Buka Egek di Malaumkarta, Sorong, Juni 2023 akan Diramaikan dengan Festival Egek 4 Hari
Menyambut pelaksanaan buka egek Juni 2023, masyarakat adat Malaumkarta, Kabupaten Sorong, akan mengadakan Festival Egek. “Yang sudah kami siapkan adalah rapat kerja panitia, mengatur jadwal pertemuan dengan Pemkab Sorong, Pemprov Sorong Barat Daya, komunikasi dengan kementerian atau lembaga terkait, dan sosialisasi dengan masyarakat adat di wilayah adat Malamoi,” jelas Ketua Panitia Festival Egek, Tory Kalami, Jumat (10/3/2023).
Festival Egek ini akan menampilkan beragam kebudayaan suku Moi, memperkenalkan hokum adat egek, mempromosikan pariwisata Maualumkarta, dan sebagainya. Pada 2018, kajian yang dilakukan Universitas Padjadjaran, Bandung, dan Aliansi Masyarakat Adat Nusantara (AMAN), memperlihatkan nilai manfaat dari pelancong lokal mencapai Rp 660 juta per tahun. Nilai manfaat dari pelancong mancanegara yang menginap di Malaumkarta selama 2014-2017 mencapai Rp 134,4 juta.
Egek merupakan istilah dalam bahasa Moi yang digunakan masyarakat adat Moi untuk pelaksanaan konservasi sumber daya alam berdasarkan hukum adat. Egek diberlakukan untuk laut dan hutan. Dalam kurun waktu tertentu, masyarakat dilarang mengambil hasil laut dan hutan.
Pelaksanaan konservasi adat ini, di Malaumkarta Raya melibatkan lima kampung, yaitu Kampung Malaumkarta, Kampung Suatolo, Kampung Suatut, Kampung Mibi, dan Kampung Malagufuk. Lima kampung ini memiliki kesepakatan bersama untuk tidak menjual laut dan hutan mereka ke swasta.
Menurut Tory, Festival Egek akan diadakan pada 5-8 Juni 2023 yang langsung disambung dengan upacara buka egek. Buka egek biasanya akan berlangsung dua-tiga bulan. Seluruh masyarakat akan terlibat memanen hasil laut menggunakan alat-alat tradisional yang tidak membahayakan ekosistem laut.
Pemkab Sorong telah mendukung konservasi sumber daya alam berdasarkan hokum adat ini melalui peraturan bupati yang diterbitkan pada 2017. Perda perlindungan masyarakat adat juga sudah diterbitkan oleh Pemkab Sorong pada 2017.
Egek terbukti memberikan manfaat langsung dan tak langsung bagi masyarakat adat Moi di Malaumkarta Raya. Kajian yang dilakukan Universitas Padjadjaran dan Aliansi Masyarakat Adat Nusantara (AMAN) pada 2028 memperlihatkan nilai manfaat tak langsung dari sumber daya alam seperti penyerapan karbon dan fungsi ekosistem mencapai Rp 148,43 miliar.
Rinciannya, dari 5.005 hektare hutan, serapan karbonnya mencapai 599.749 ton. Nilainya mencapai Rp 80,996 miliar. Untuk fungsi ekosistem, terumbu karang seluas 160,3 hektare nilai manfaat tak langsungnya mencapai Rp 31,067 miliar.

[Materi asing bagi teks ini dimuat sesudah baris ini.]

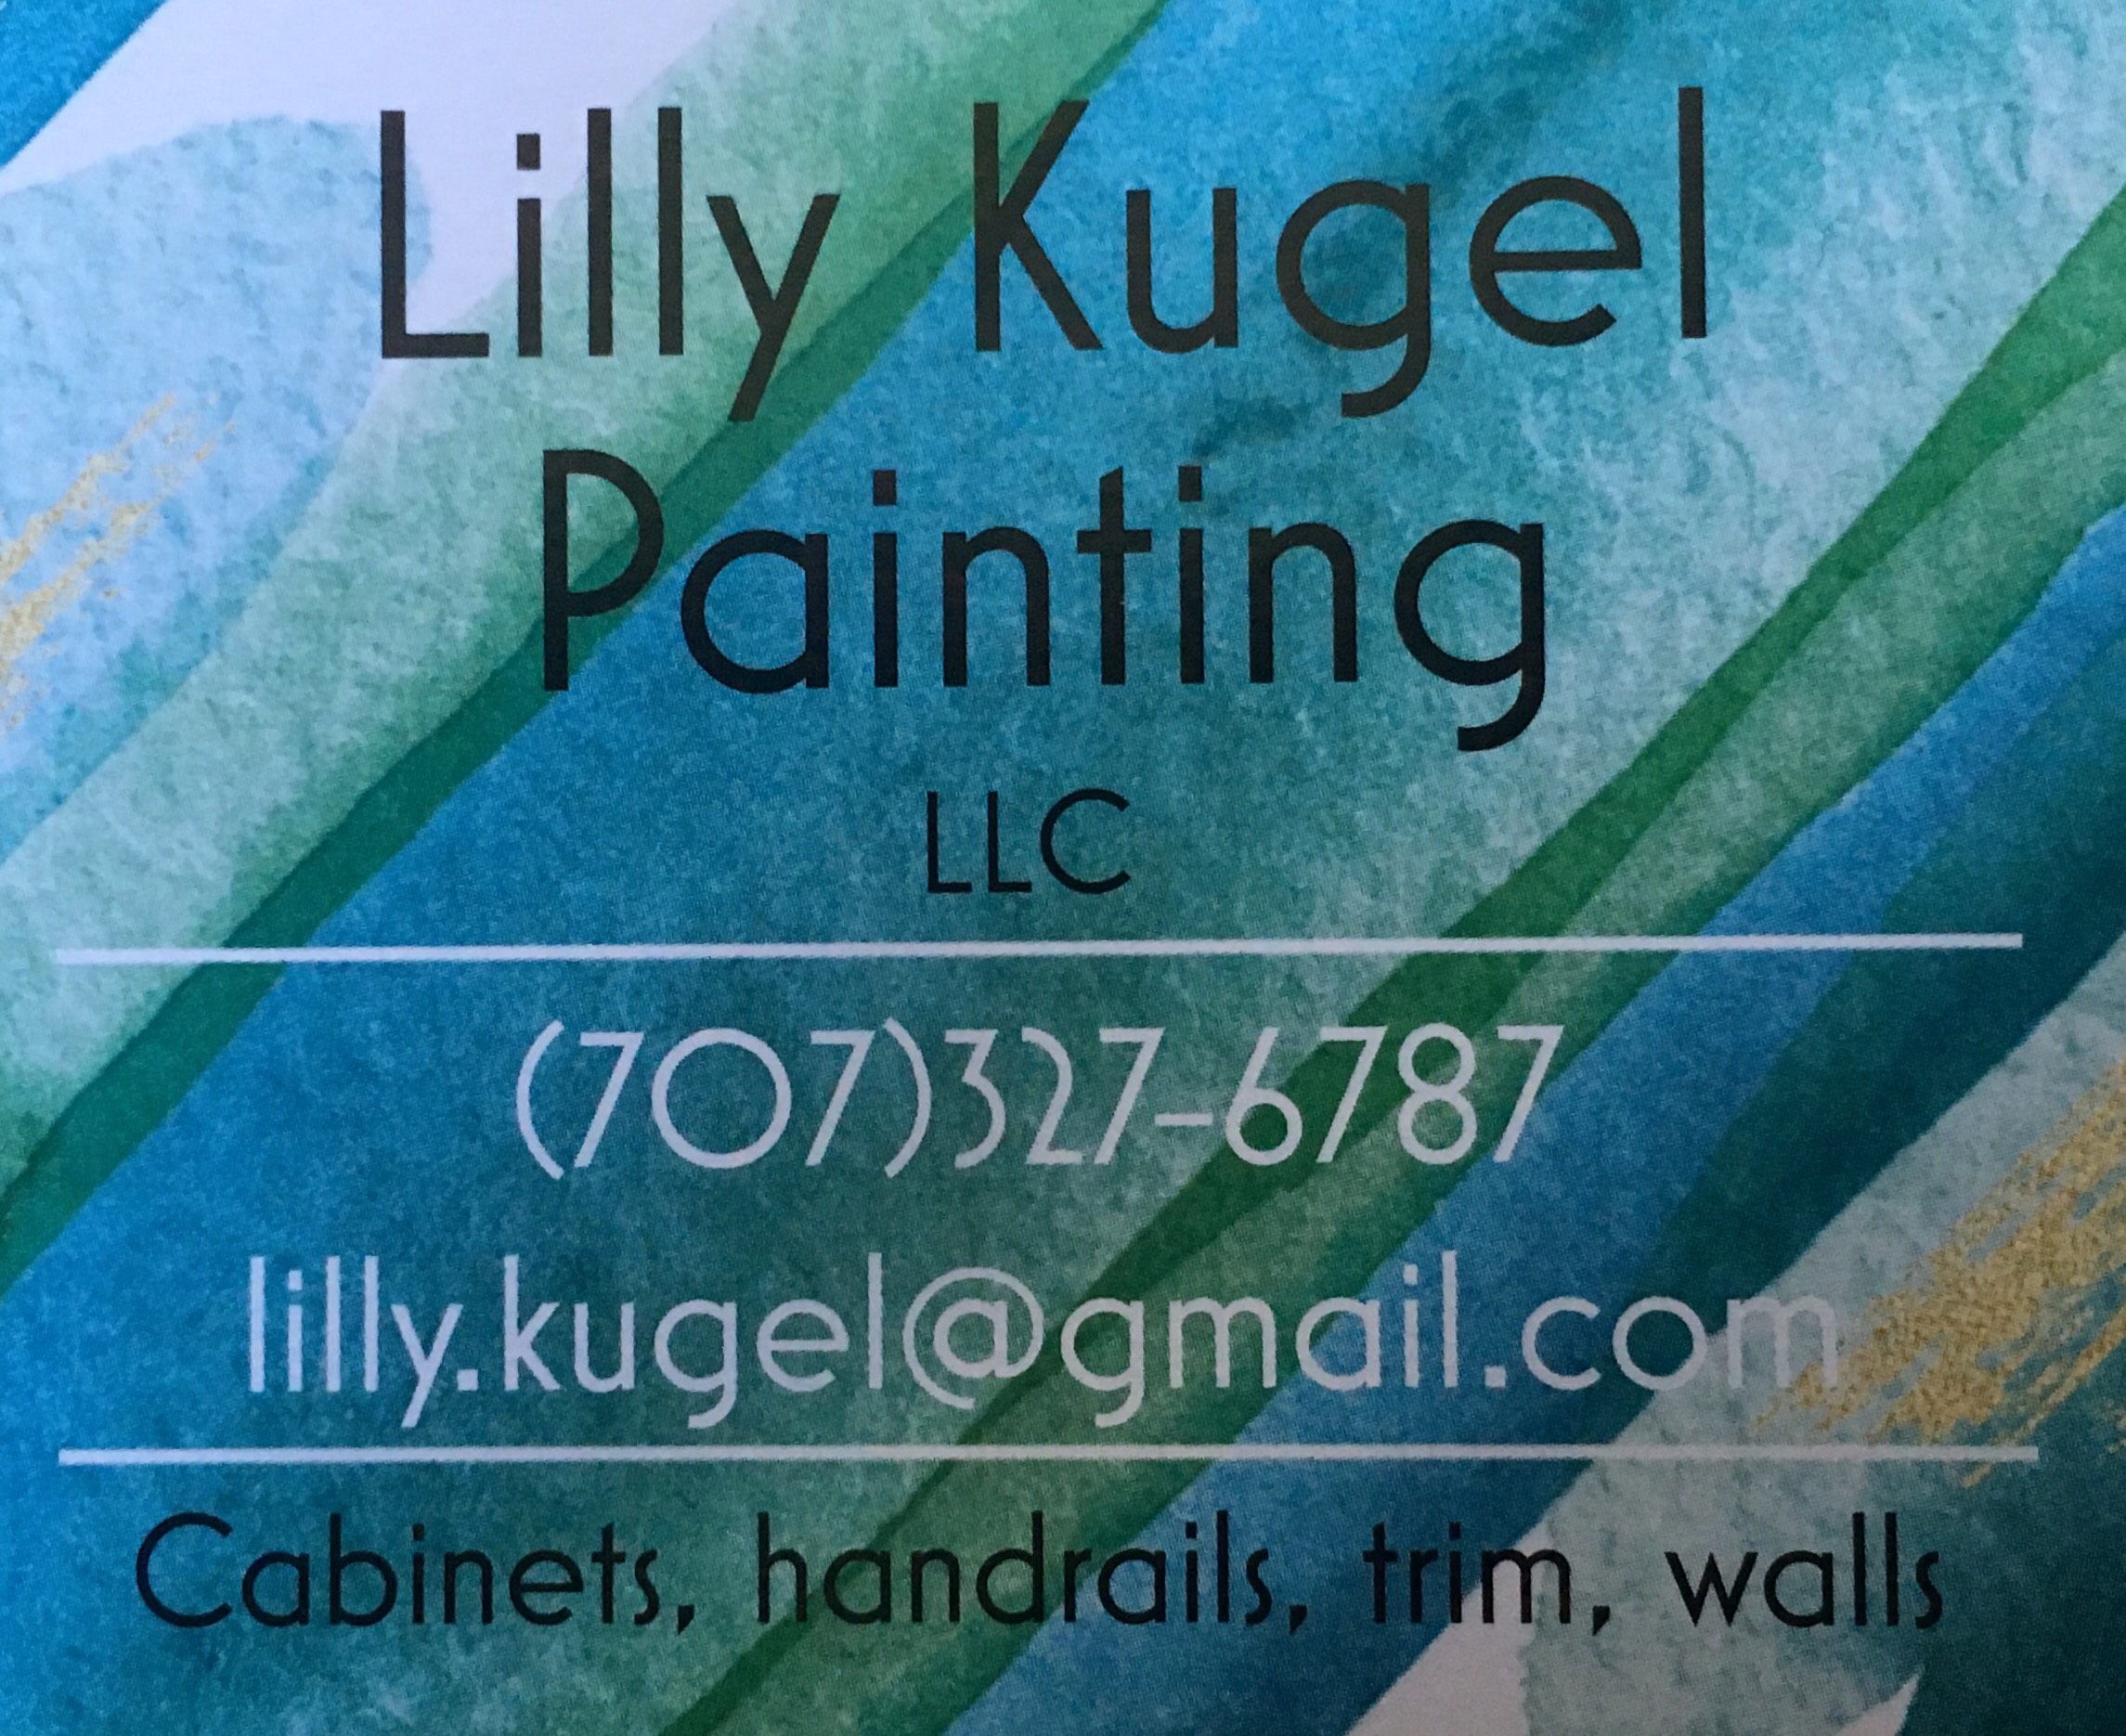 Lilly Kugel Painting Logo

Nilai manfaat tak langsung dari padang lamun seluas 249,25 hektare mencapai Rp 35,669 miliar. Sedangkan dari hutan bakau seluas sembilan hectare, nilai manfaatnya mencapai Rp 728,5 juta.
Pada buka egek 2022, hanya mendapatkan 328 kilogram, laku dijual Rp 104,986 juta. Sedangkan teripang mencapai 289 kilogram dengan nilai jual Rp 72,883 juta. Tahun ini mereka tidak memanen lola karena ada larangan dari pemerintah.
Oohya! Baca juga: Melindungi Bayi Lobster dengan Hukum Adat Egek.
Buka egek 2022 ini merupakan buka pertama setelah pandemi Covid-19. Karena pandemi ini, pada 2020 dan 2021 tidak diadakan buka egek. Pada buka egek 2019, mereka mendapat sekitar Rp 300 juta. Teripang menghasilkan Rp 194,58 juta, lobster Rp 105,48 juta, dan lola sekitar Rp 400 ribu. Pada 2008 panen egek hanya menghasilkan sekitar Rp 9,5 juta.